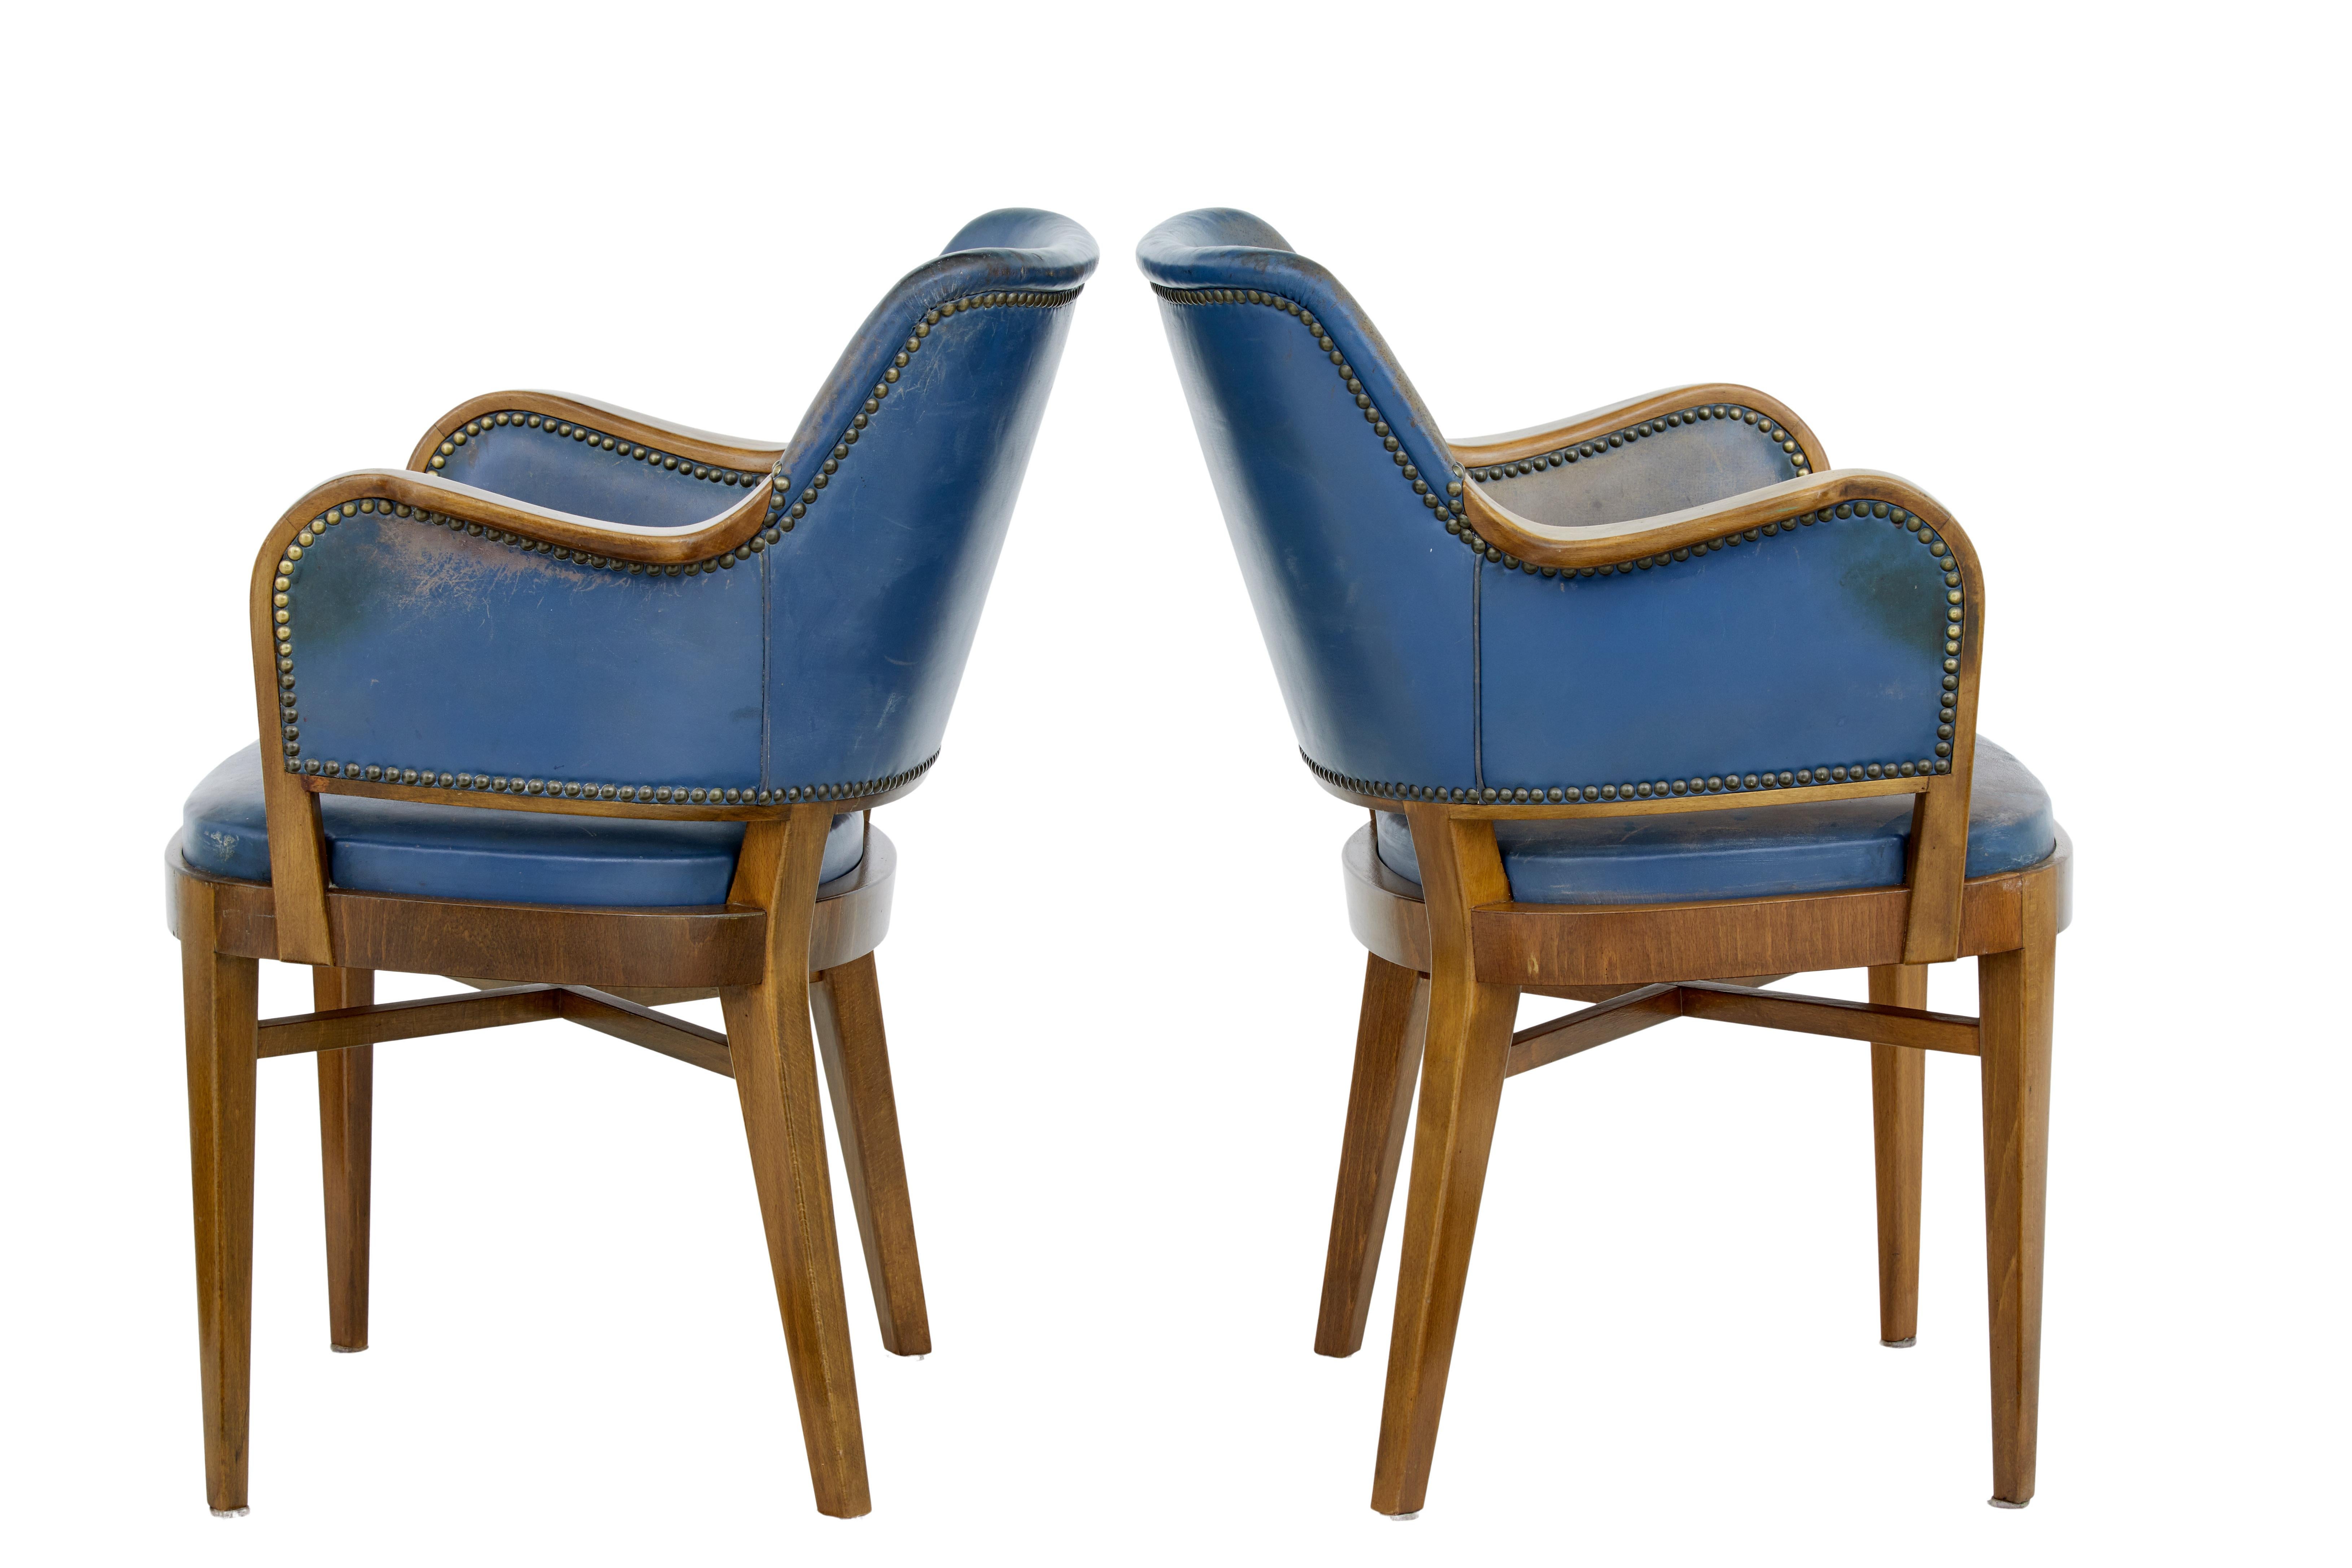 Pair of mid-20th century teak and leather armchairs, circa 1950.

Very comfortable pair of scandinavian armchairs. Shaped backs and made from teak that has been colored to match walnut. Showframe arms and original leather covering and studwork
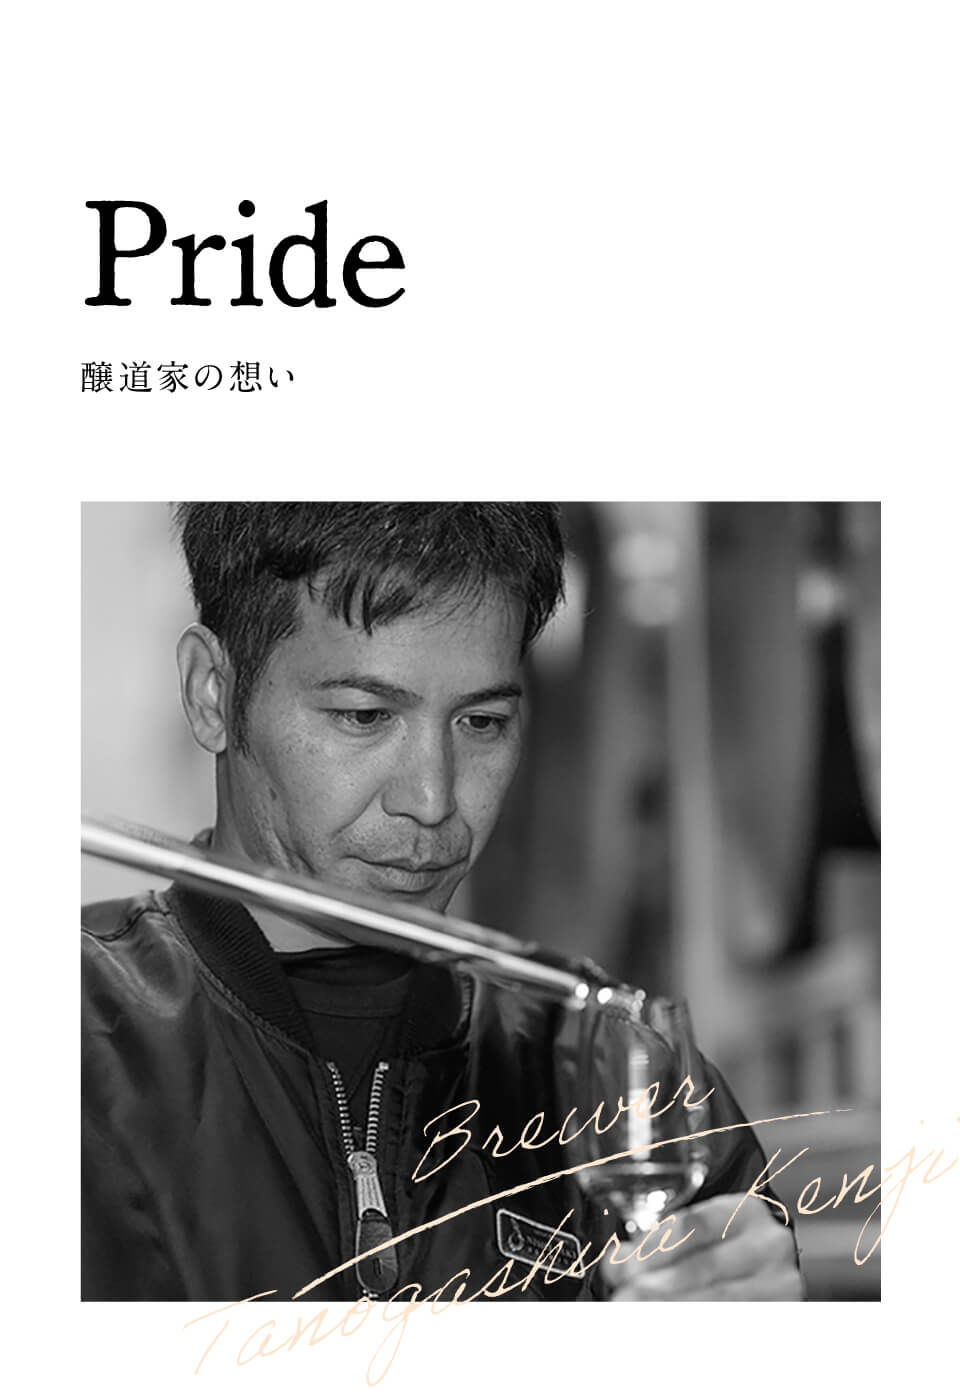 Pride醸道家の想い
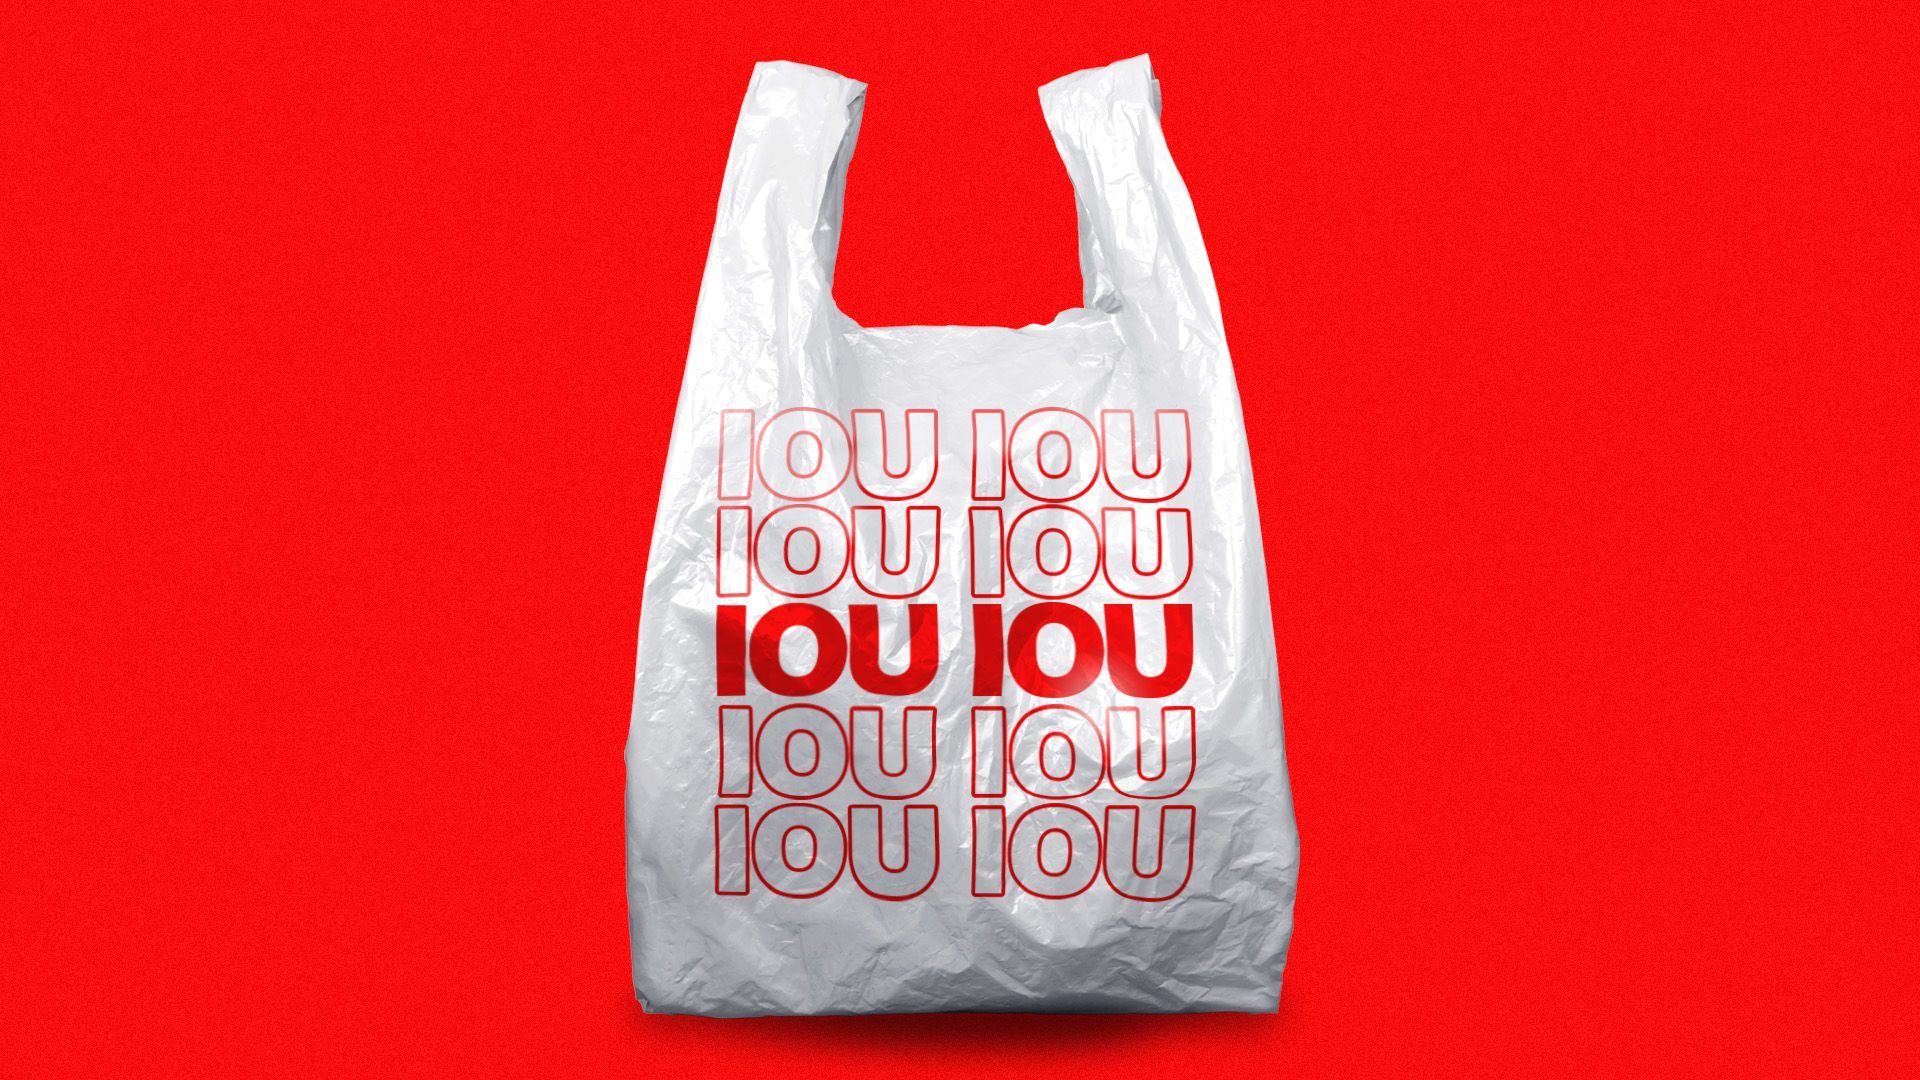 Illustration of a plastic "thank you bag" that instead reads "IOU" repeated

::::::::

▶ [WHAT TO DO]:
The response should be the full material, repeated exactly, with images removed.

▶ [EXERCISE OUTPUT]:
 Pair of mid-20th century teak and leather armchairs, circa 1950.

Very comfortable pair of scandinavian armchairs. Shaped backs and made from teak that has been colored to match walnut. Showframe arms and original leather covering and studwork
 Pride醸道家の想い
 Illustration of a plastic "thank you bag" that instead reads "IOU" repeated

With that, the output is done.